兵庫県宝塚市の市役所放火事件で、市は14日、今回の火災による庁舎の推定損害額を1億4700万円と発表した。共済に加入しているが、どの程度補償されるかは分からず、市は週明けにも共済会と協議する方針。
市によると、炎上した壁面や天井の修理費を6900万円と推定。ほかに空調設備工事費を5600万円、電気設備工事費を2200万円と見積もった。今後の詳細な調査で金額が変動する可能性があり、机などの備品類の損失額は現時点では分かっていない。
市は、火災や水害に備えて「全国市有物件災害共済会」の建物総合損害共済に加入。放火でも補償されるといい、範囲や手続きなどは共済会と今後話し合う必要がある。

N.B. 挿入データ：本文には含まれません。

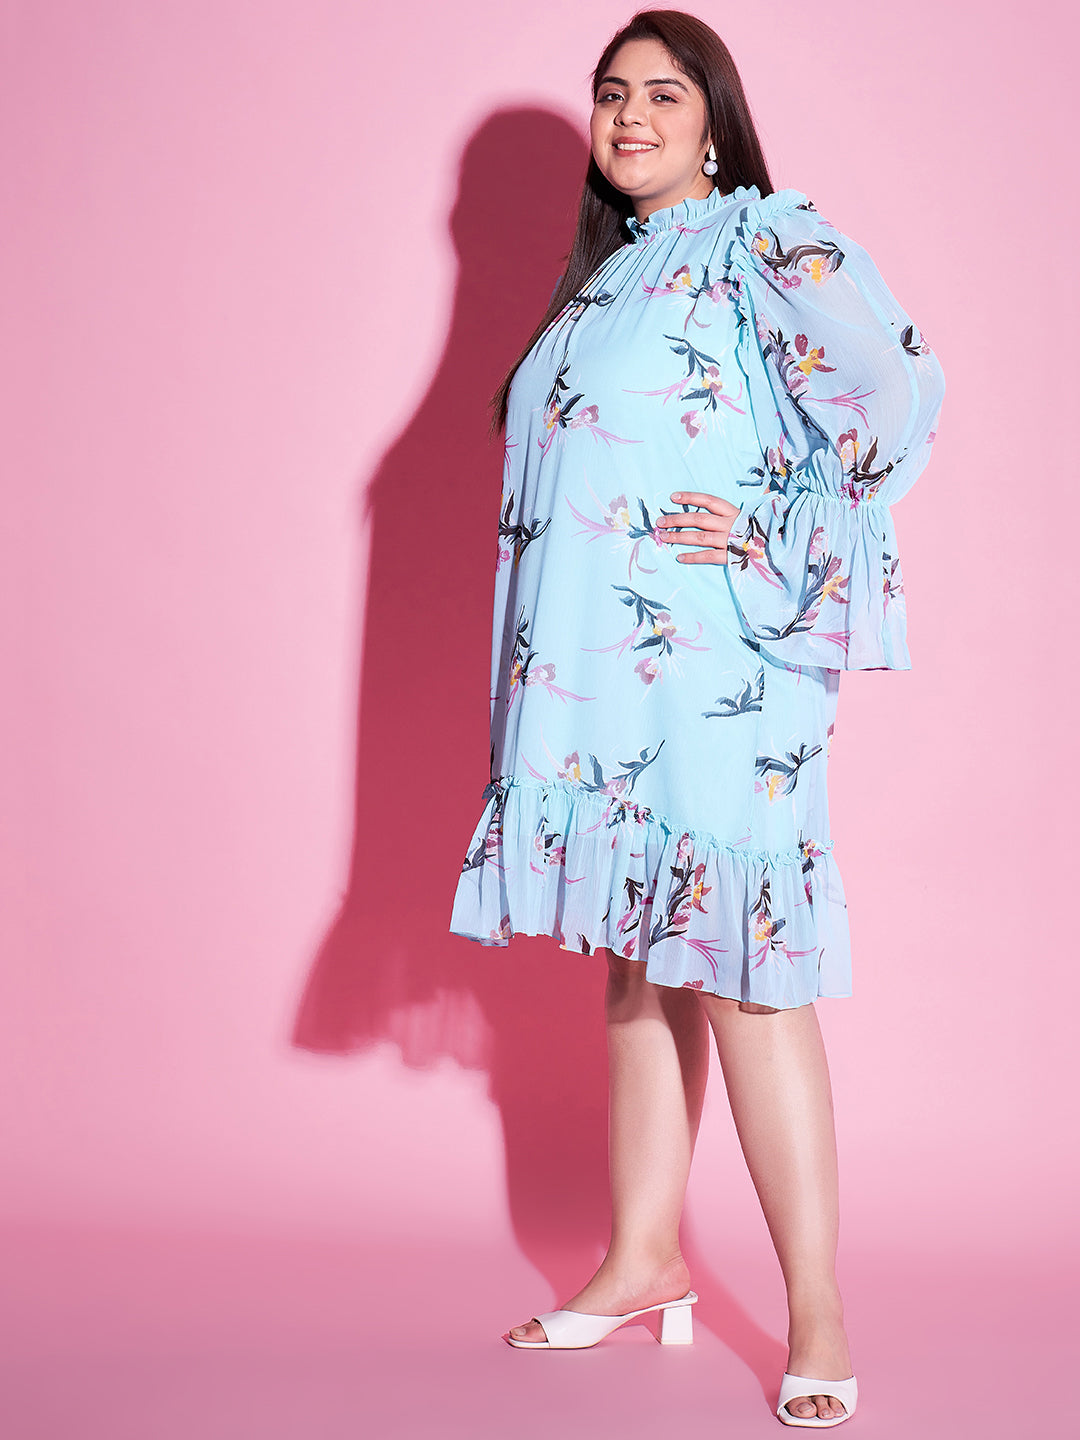 Athena Ample Plus Size Floral Printed Bell Sleeves Ruffled A-Line Dress - Athena Lifestyle

また、市はこの日の県警の現場検証後、1階の火災現場を報道陣に公開した。窓や天井にはすすが付着し、室内は真っ暗。鎮火後50時間以上たっても焦げた臭いが漂う。ガソリンがまかれた市税収納課のカウンターは、天板を支える板がわずかに残るだけで黒く焼け落ちていた。
16日からの市役所業務再開に向け、被災現場から書類や機材を空いている会議室などに運び込む作業も始まった。
中川智子市長は14日午前、火災現場を視察した井戸敏三知事に「県も力になってほしい」と支援を要請。井戸知事は報道陣に「正式に要請があれば何ができるか検討したい」と話した。